In the past decades she's achieved success in publishing both kid's books and brilliantly funny reimagining's of fairytales with deeply relatable heroines. I own a number of her books, and intend to collect more of them as I can.

This is the first horror book of hers I've ever heard of.

I'm not a big fan of horror, overall, but on the other hand there is not a single thing she's ever written that I didn't like, so of course when I saw it on the shelf at work I grabbed it. I don't know what I expected, but this book, this story, is like nothing else I have ever encountered in my life. 

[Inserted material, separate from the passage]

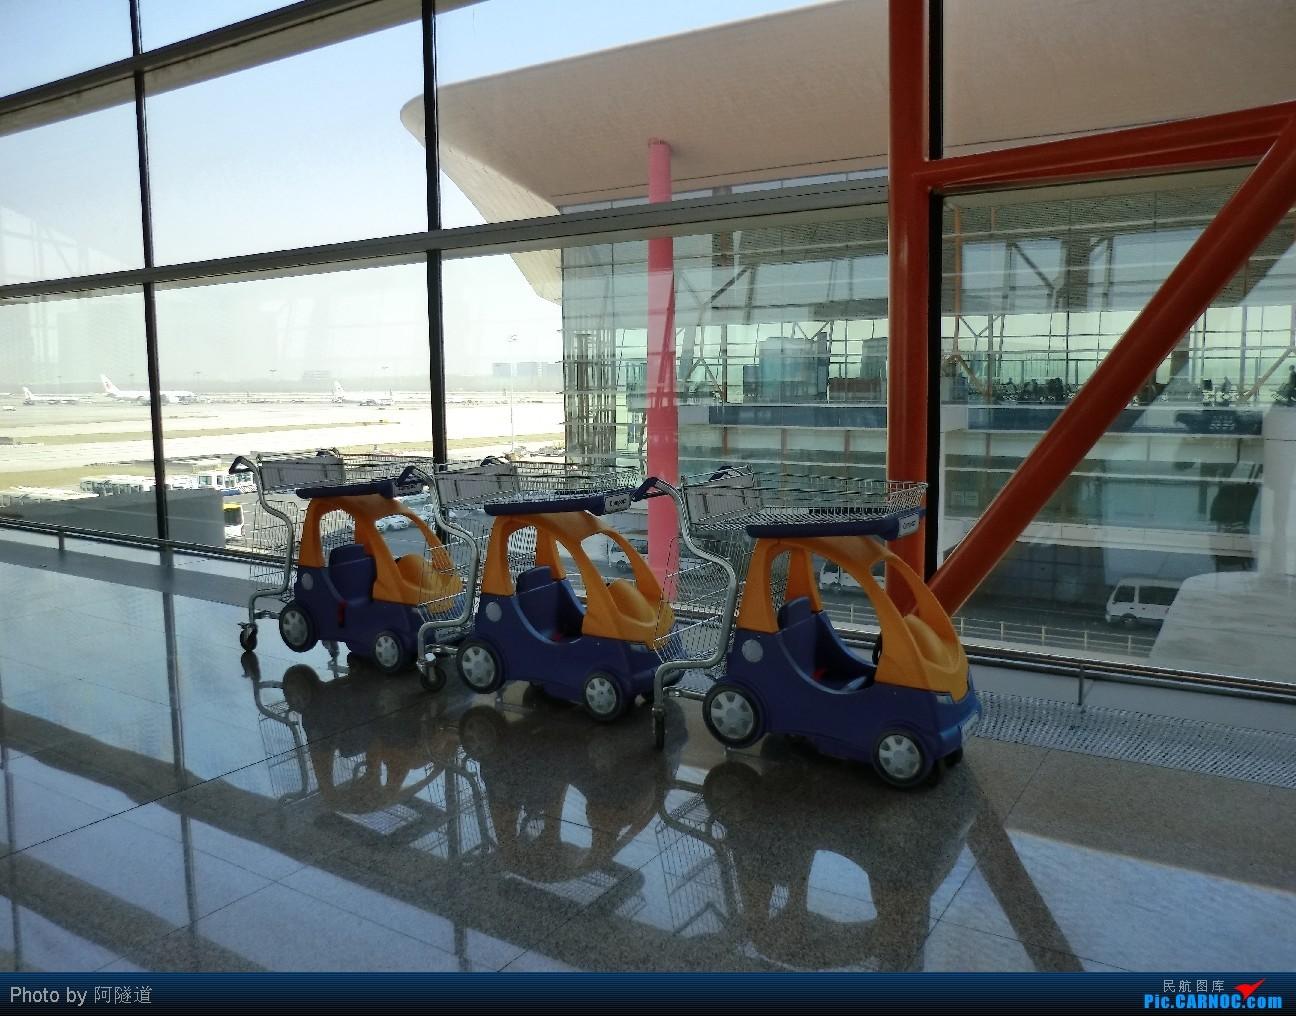 Re:[原创]偶妈的游记:pek-sha CA1517  sha-pek CA1832(上) 1   中国北京首都机场

When I hear people say a horror book gave them nightmares, I don't imagine this is what they're talking about, but it absolutely did. In fact the book itself feels like a nightmare- which is to say this is not a slasher, not a violent, Hollywood-worthy gorefest or a thriller. This is like those dreams you have where you're not even quite sure if it's a nightmare or not. You can't work out what this place is you're in, because it is vague and unsettling and fills you with a sense of dread but- there's no actual danger that you can see. There's no monsters in sight. There is, in fact, nothing terrible happening to you at all and yet, 

and yet-

you just know that moment when you absolutely do not DARE turn around. And maybe as long as you can't see it, you're safe. 

Or maybe not.

What I'm saying is this book absolutely creeped me out, and also I am not sorry to have read it at all. It was brilliant, and terrifying, and scary on a level that requires true writing skill to achieve. Yeah, I realize that doesn't tell you much at all about the plot but honestly I sort of feel like even trying to describe that would undermine the experience. Of course, as with all her works the heroine is a believably real character with all the messy thoughts and sarcasm and humanity that comes with that. 

If you want to be creeped out, this is an excellent read.